Example of Explosive Device Disguised as Coal (militaryhistorynow.com) |
CONFEDERATE STATES OF AMERICA, WAR DEPARTMENT, Richmond, Va., March 12, 1864.
Captain John C. Kay is hereby authorized to enlist in his company for 'special service on the Mississippi River" a number of men not exceeding fifty. They are to be enlisted from localities within the lines of the enemy exclusively. The company to be subject to the rules and regulations of this Department for such organizations; to be subject to being disbanded at its pleasure, and to operate under the instructions of department and district commanders and under such restrictions as may be prescribed by them in this Department. The service to be without pay or other compensation than the percentage of loss or injury to the enemy's property, to be awarded by an officer or officers charged with that duty by this Department, in no case to exceed 50 per centum.
J. A. SEDDON,
Secretary of War.
Official Records, Series IV., Vol. III., Part 1, Page 210.

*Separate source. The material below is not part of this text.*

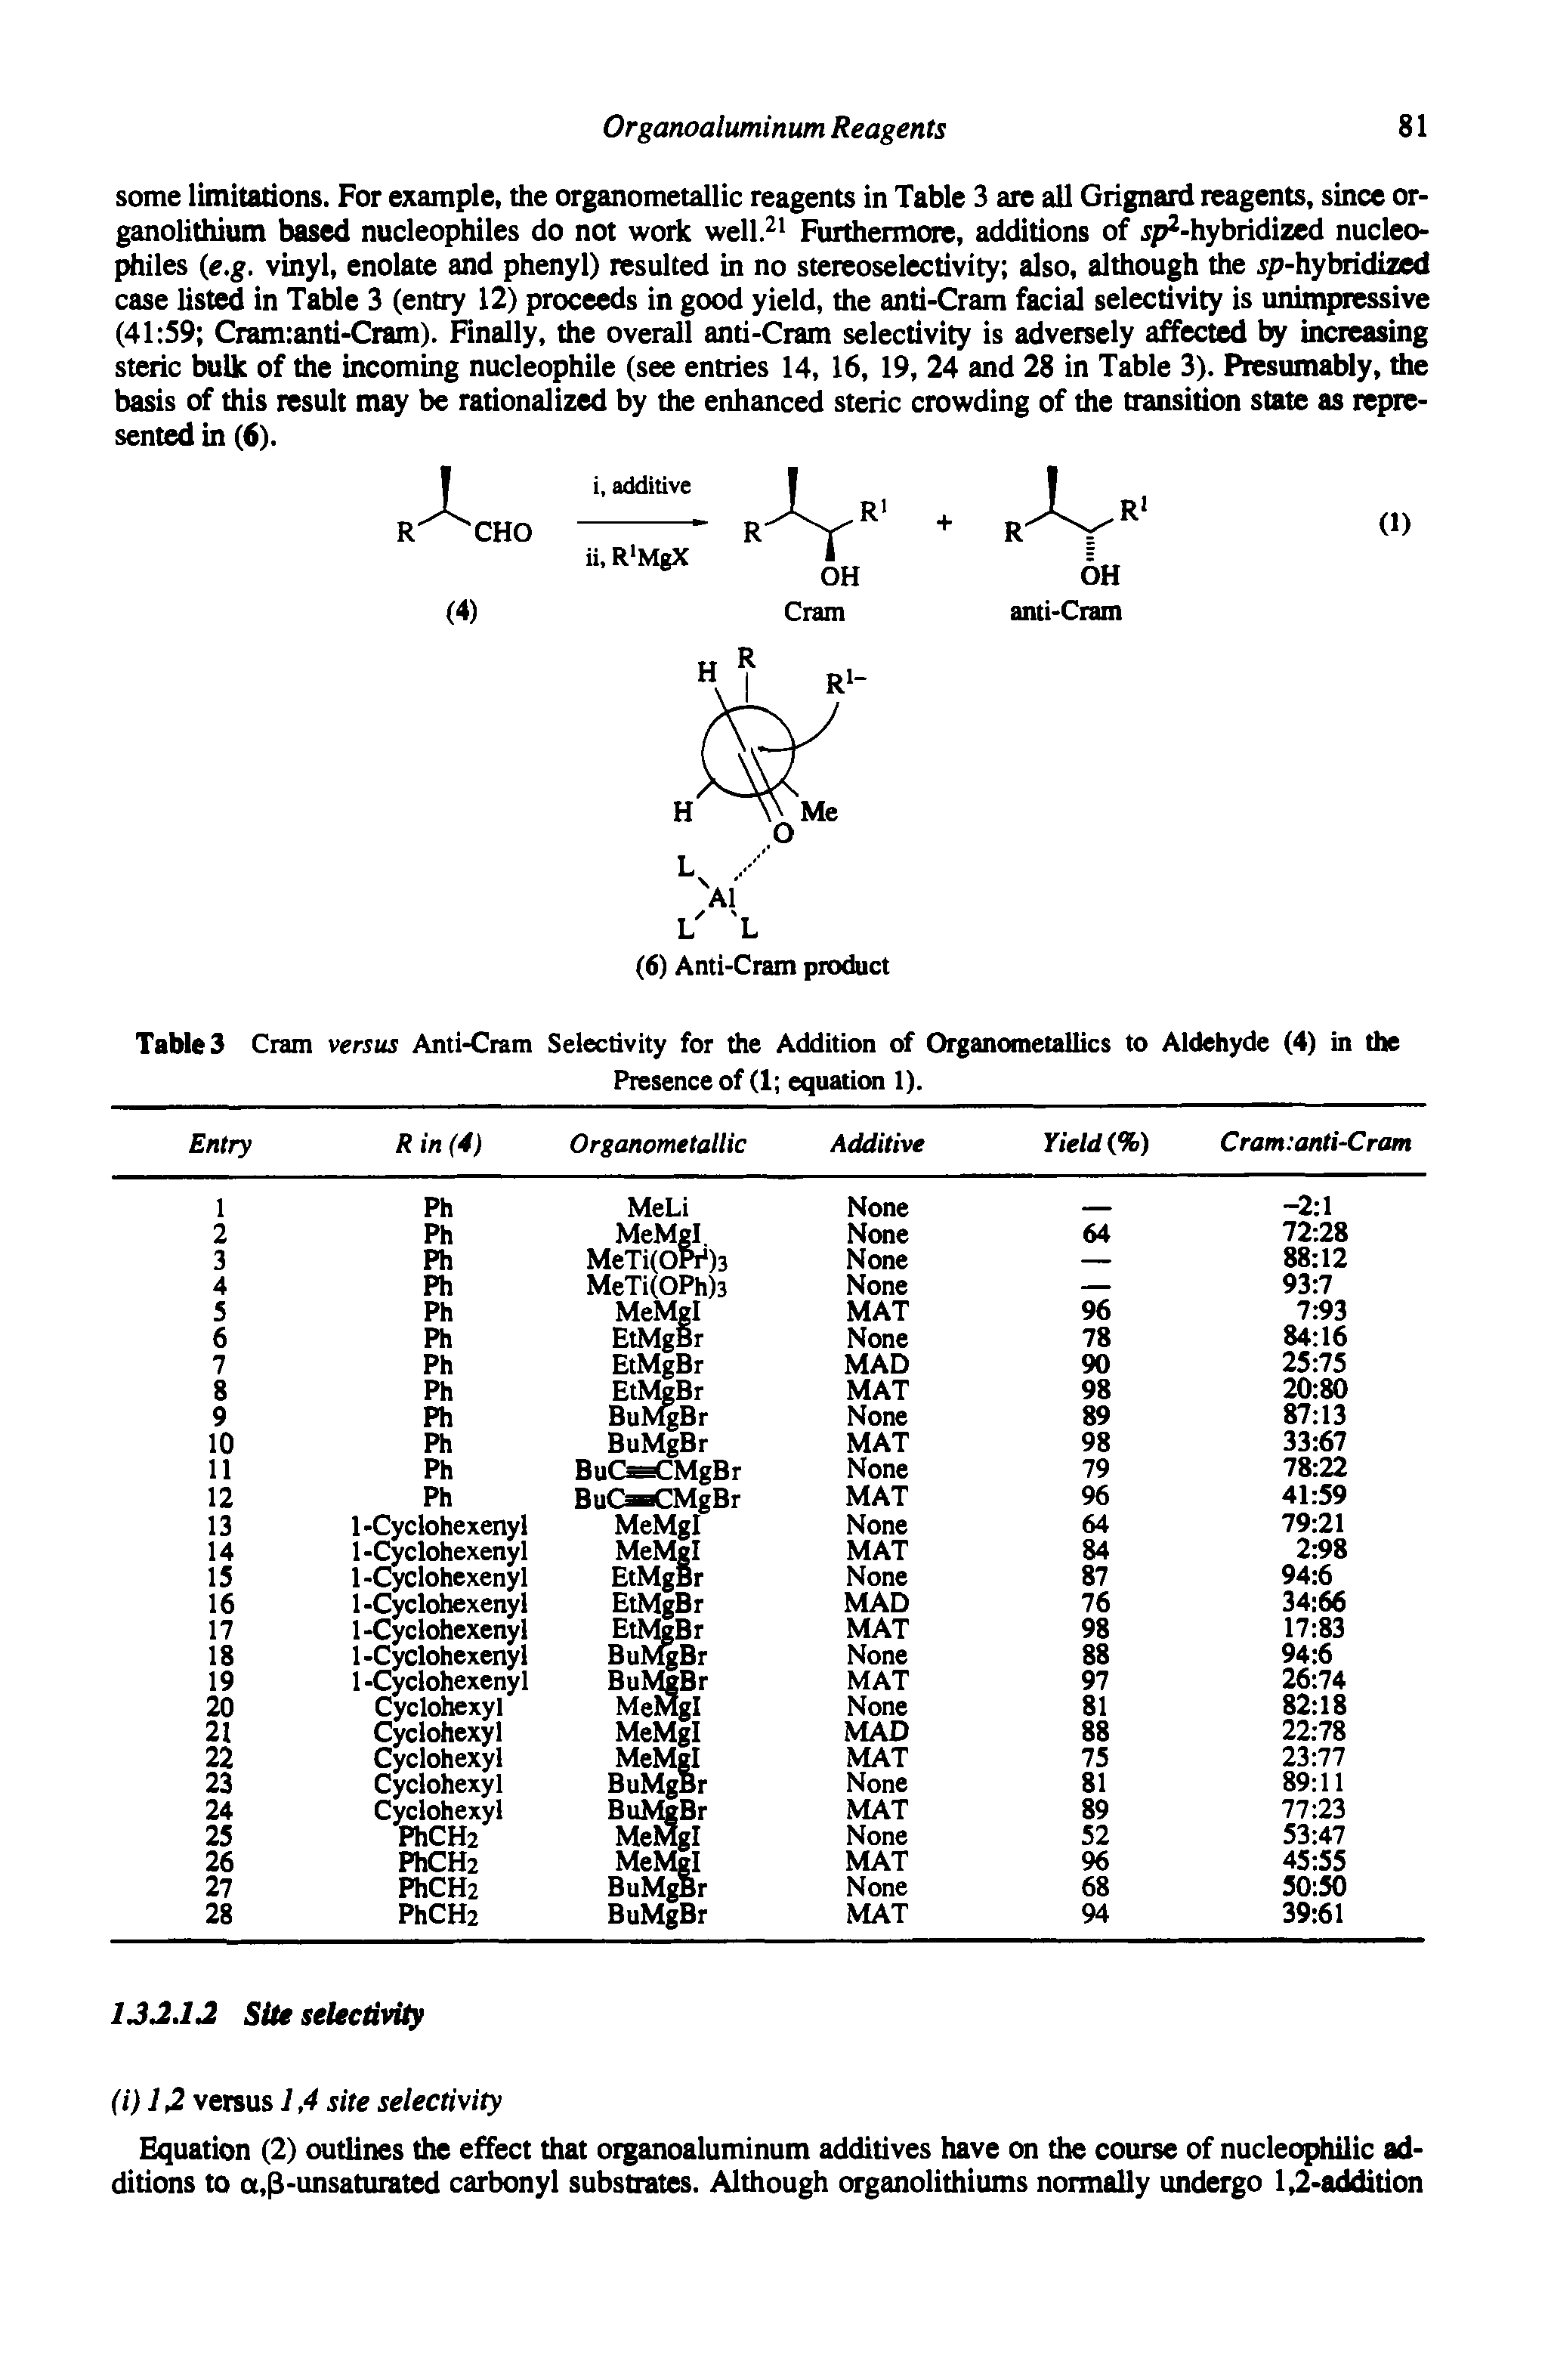 Tables Cram versus Anti-Cram Selectivity for the Addition of Organometallics to Aldehyde (4) in the...

Little is known of Kay, although it appears he was from Missouri. On the heels of another award of such authorization for acts of sabotage days previous, it appears Richmond was preparing to augment war efforts through means other than traditional warfare. The study of the Confederate secret services is a neglected area of study. The increase in such activities at this point in the war raises the question whether the Confederate government had by 1864 realized the war was not to be won in a traditional sense and was planning other means of resistance. This line of thought has been pursued by scholars of the Lincoln assassination.